Consider an Airplane flight computer. It is critical that the pilot (human or automated) knows the aircraft's airspeed at all times. Airspeed sensors can fail due to extreme temperatures, icing, solar radiation, and other reasons. For this reason, there are redundant sensors, and they run a consensus protocol.

Imagine that one of the sensors has an overflow bug such that when the airspeed exceeds a certain threshold, maybe u8::max_value(), it actually reports a much lower speed.

Are these crash faults or byzantine?

In a blockchain system, bugs in the code may cause nodes whose operators are intending to be honest, to deviate from the protocol anyway. This is why client diversity is important.

Image source: https://thepointsguy.global.ssl.fastly.net/uk/originals/2020/12/pitot-ice-scaled.jpg


Byzantine Generals Problem

  • Divisions plan to attack
  • Must make coordinated attack to succeed
  • Some generals might be traitors and behave maliciously

Cornell Lecture Slides

Notes:

Several divisions of the Byzantine army are camped around an enemy city. They plan to attack the city, but have not yet decided when to attack. If the attack is coordinated, they will probably be successful, but if it is uncoordinated, they will probably be defeated. What do our three properties mean in this scenario?
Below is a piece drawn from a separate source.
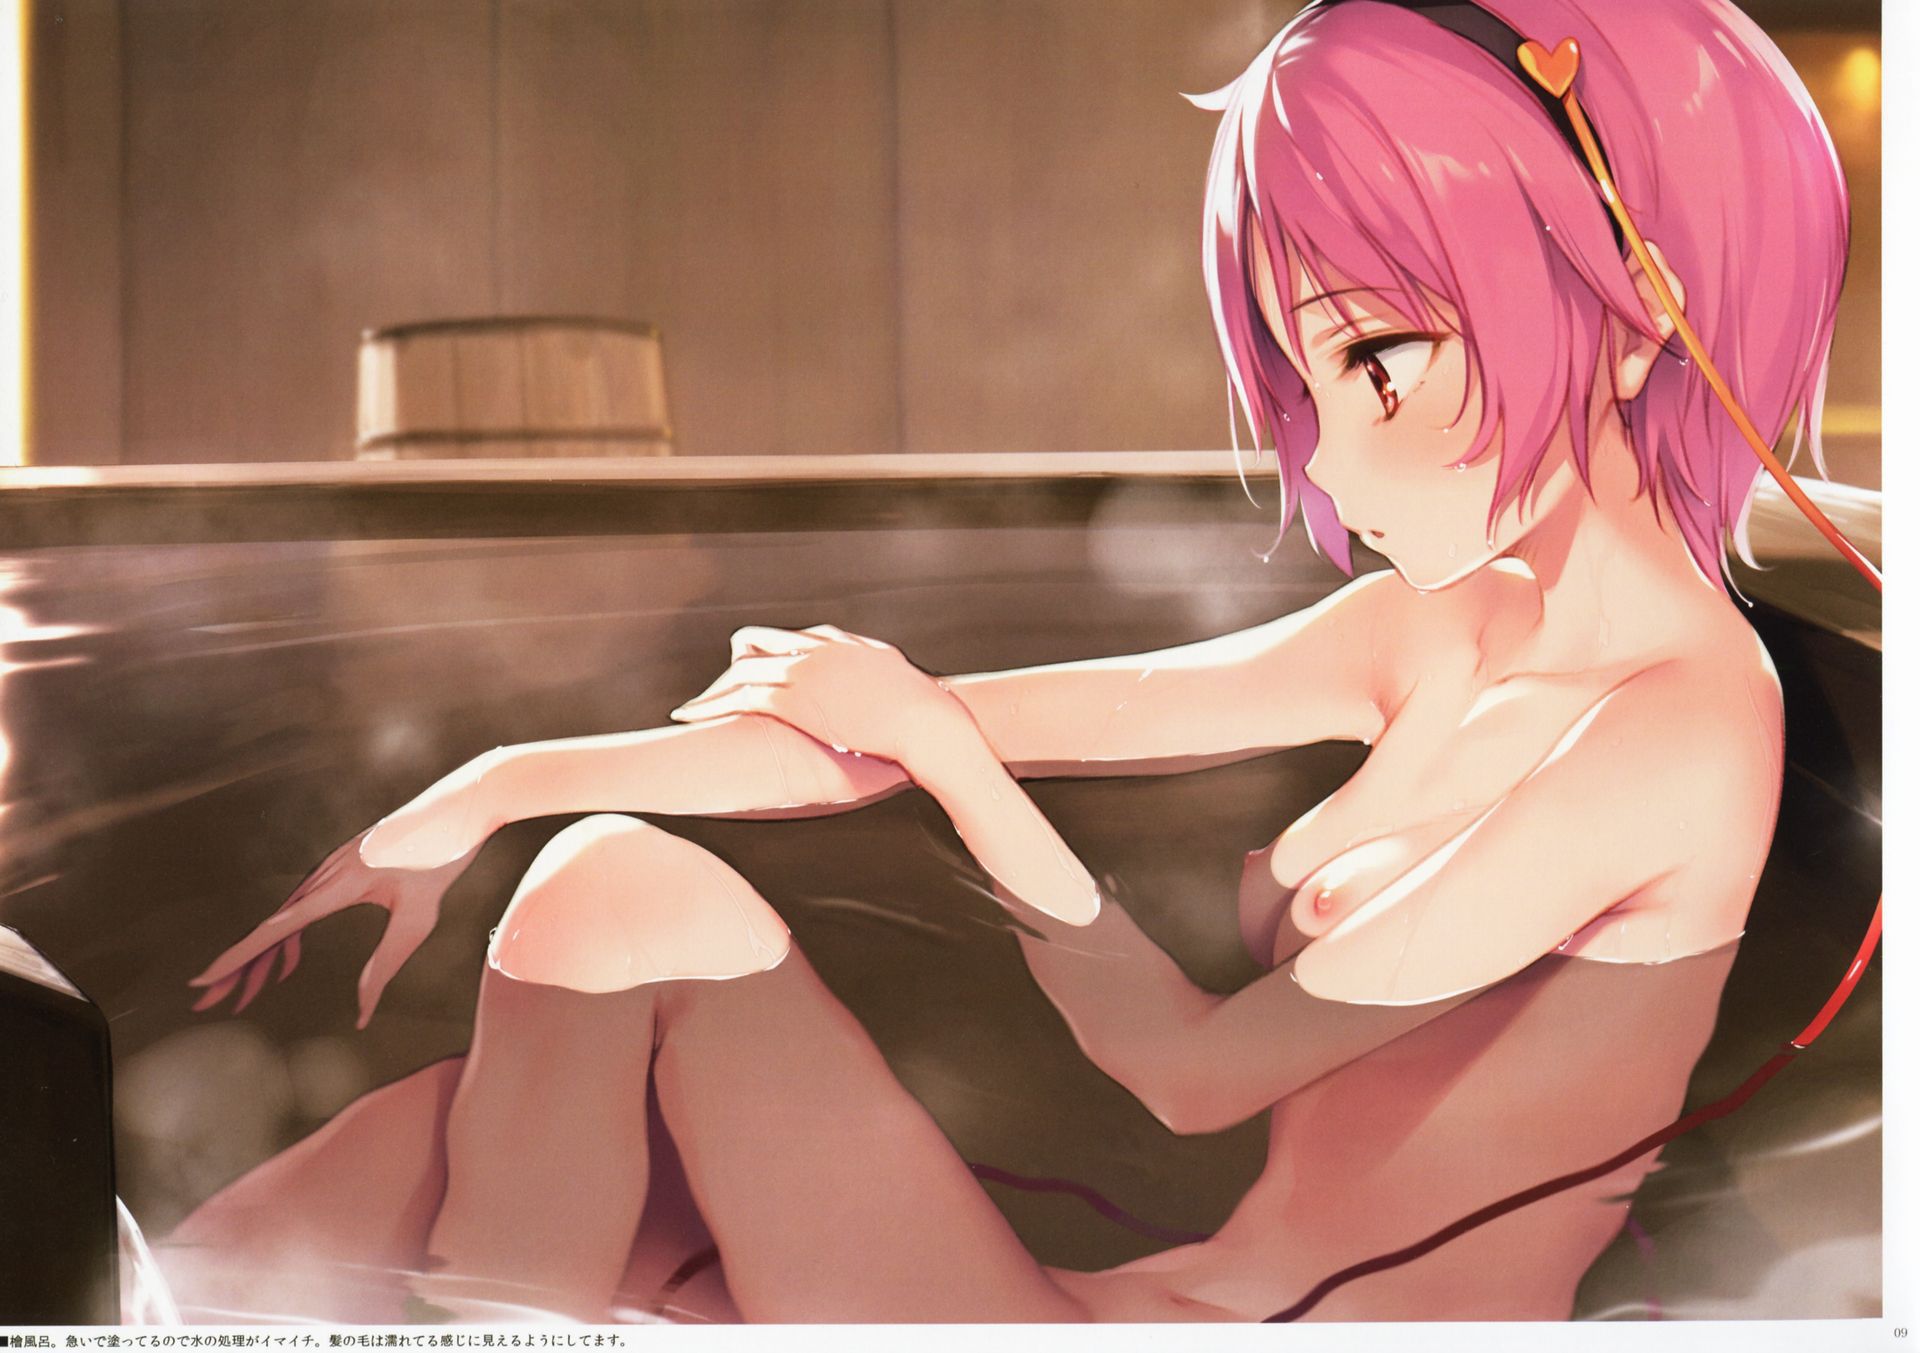 Do you want to see a naughty picture of a hot spring bath? 10
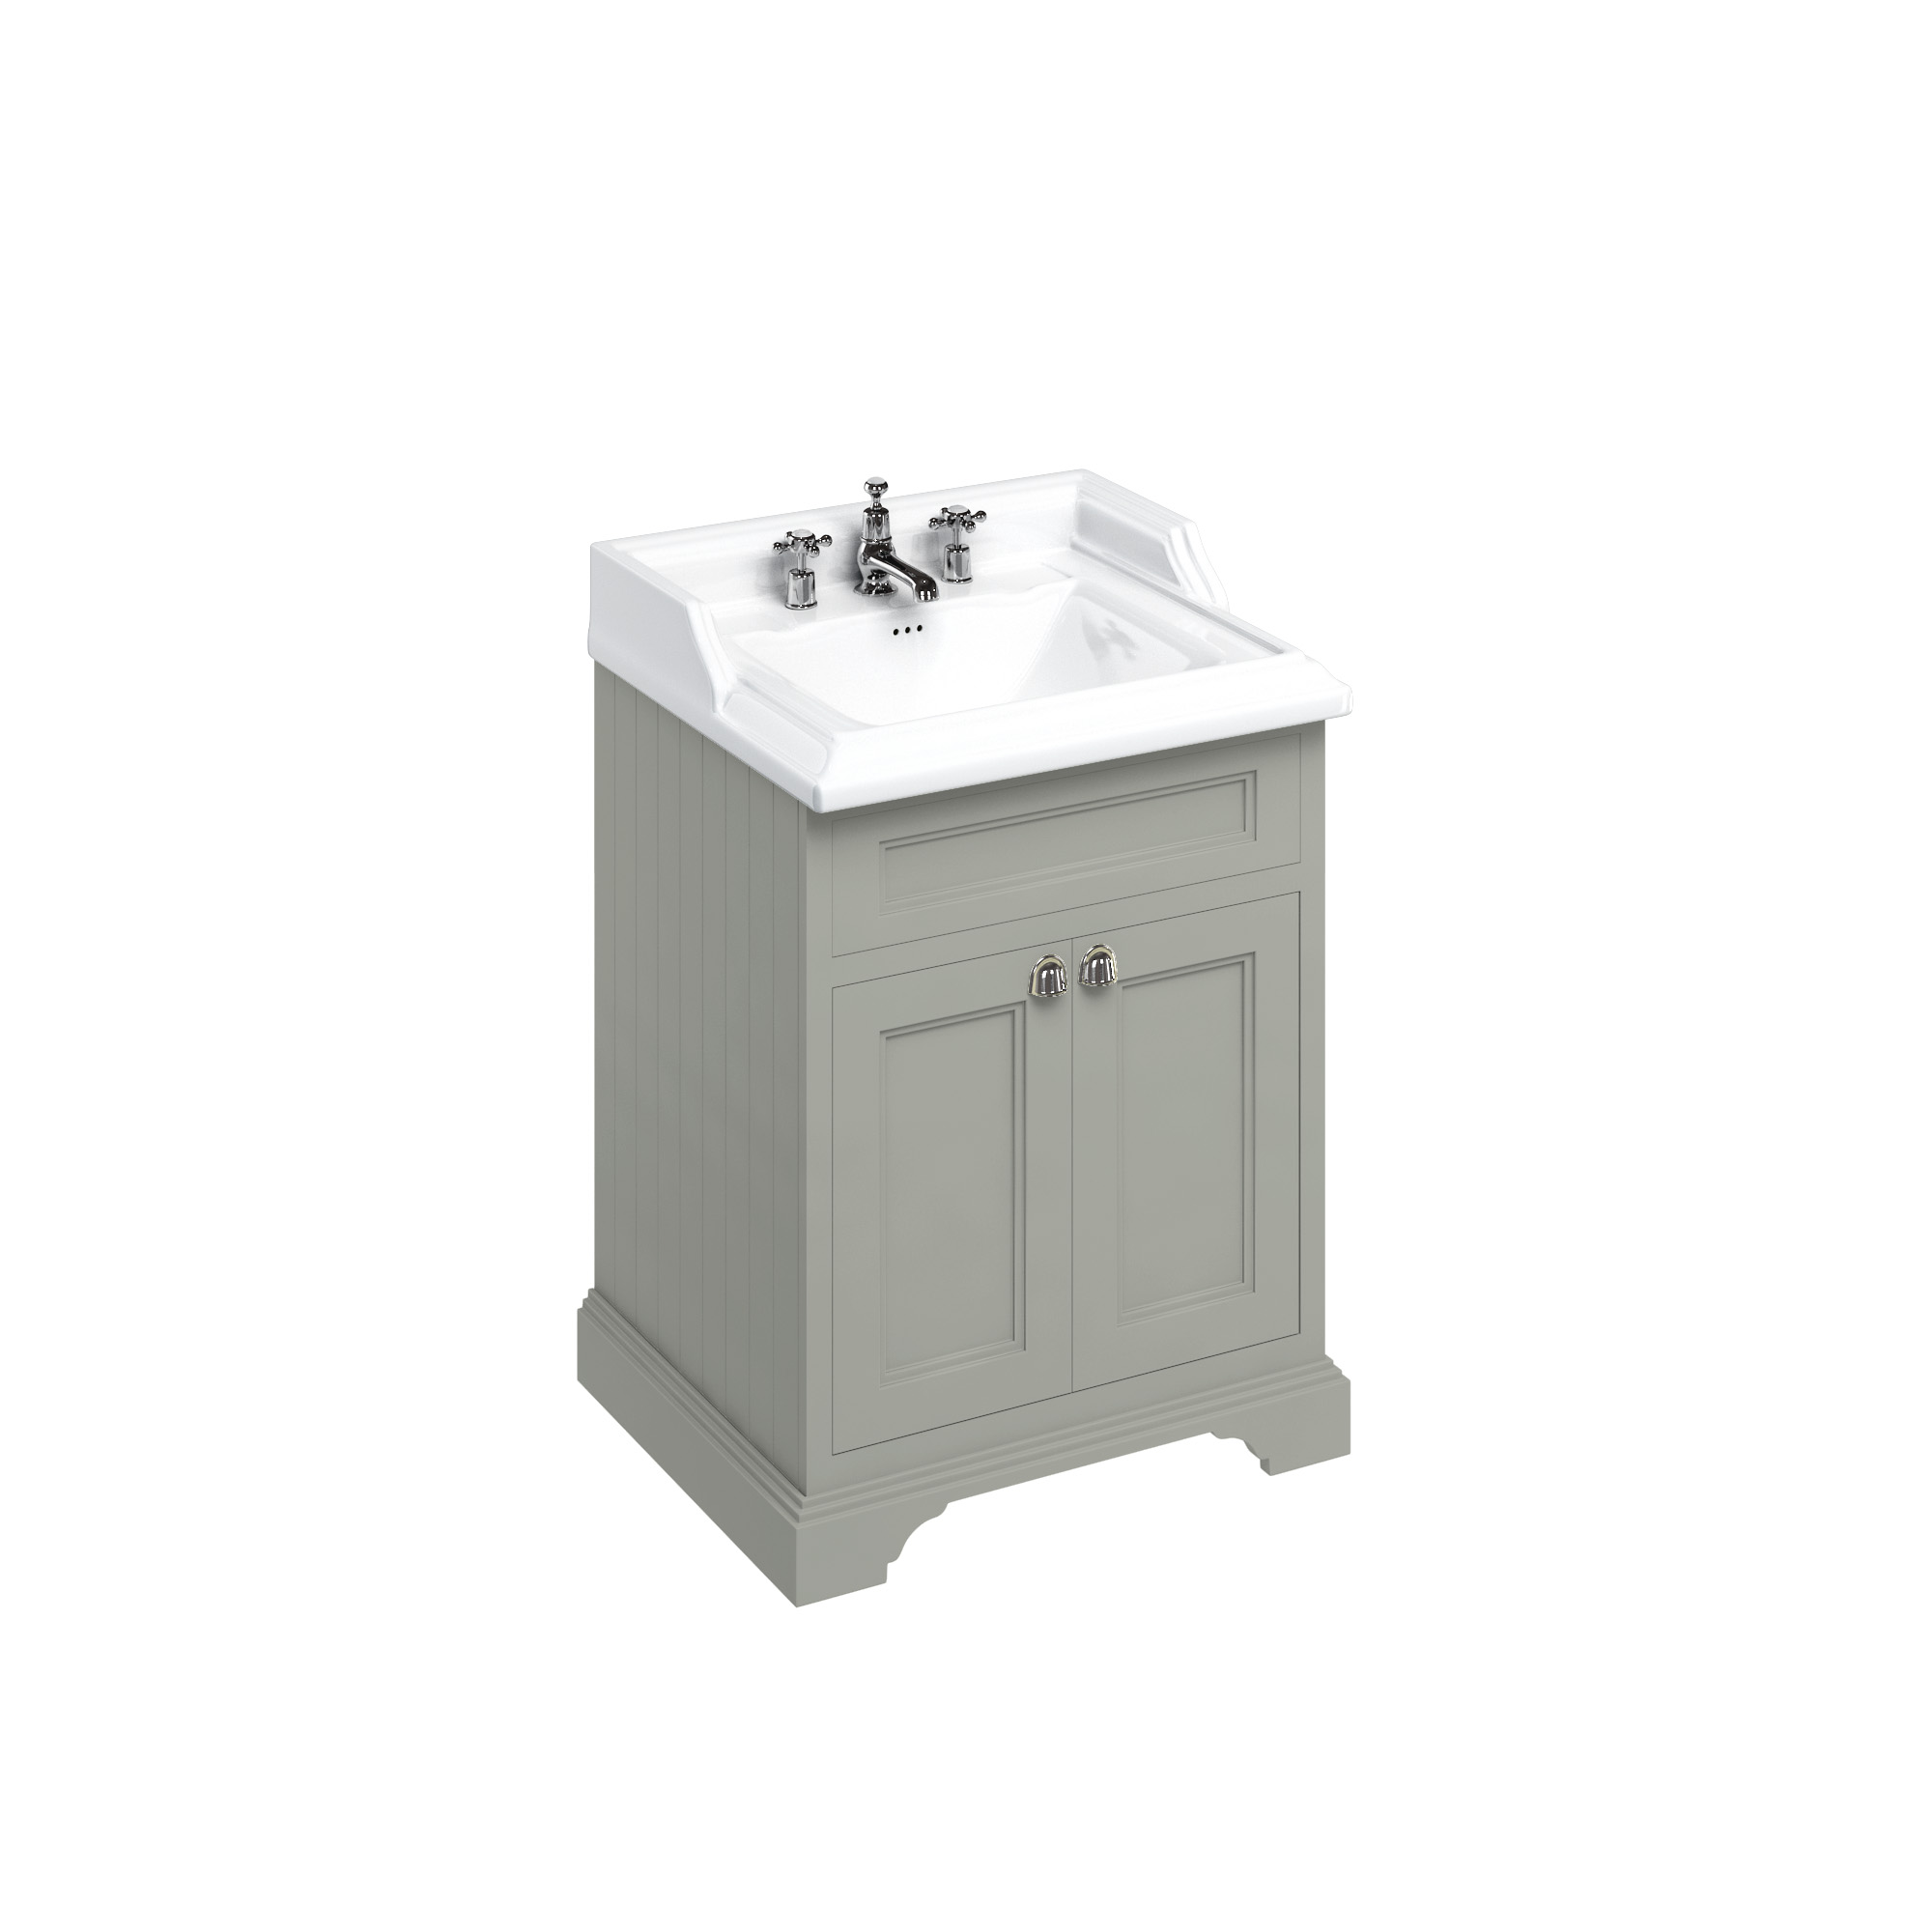 Freestanding 65 Vanity Unit with doors - Dark Olive and Classic basin 3 tap holes

  • Termination - every honest general will eventually decide when to attack
  • Agreement - honest general will all agree to attack ta the same time
  • Integrity - the attack time will have been proposed by at least one honest general

Leslie Lamport proposed this problem in the form of a story as a typical representative of the distributed consensus problem.

This is a big moment for us, so let's stop and savor it. Two days ago Lauren kicked us off by talking about human coordination. How it can achieve long railroads and the great pyramids and sports teams and dancing, and even this academic program. Since then we've looked through so many layers of abstraction (contracts, smart contracts, state machines, dags) and so many technical implementation details (P2P networking, platform agnostic bytecodes, blockchain headers, merkle proofs). We've taken a huge class of problems - human coordination problems - and distilled them down to their absolute essence. Human coordinate at global scale reduced to this one cute, carefully stated problem.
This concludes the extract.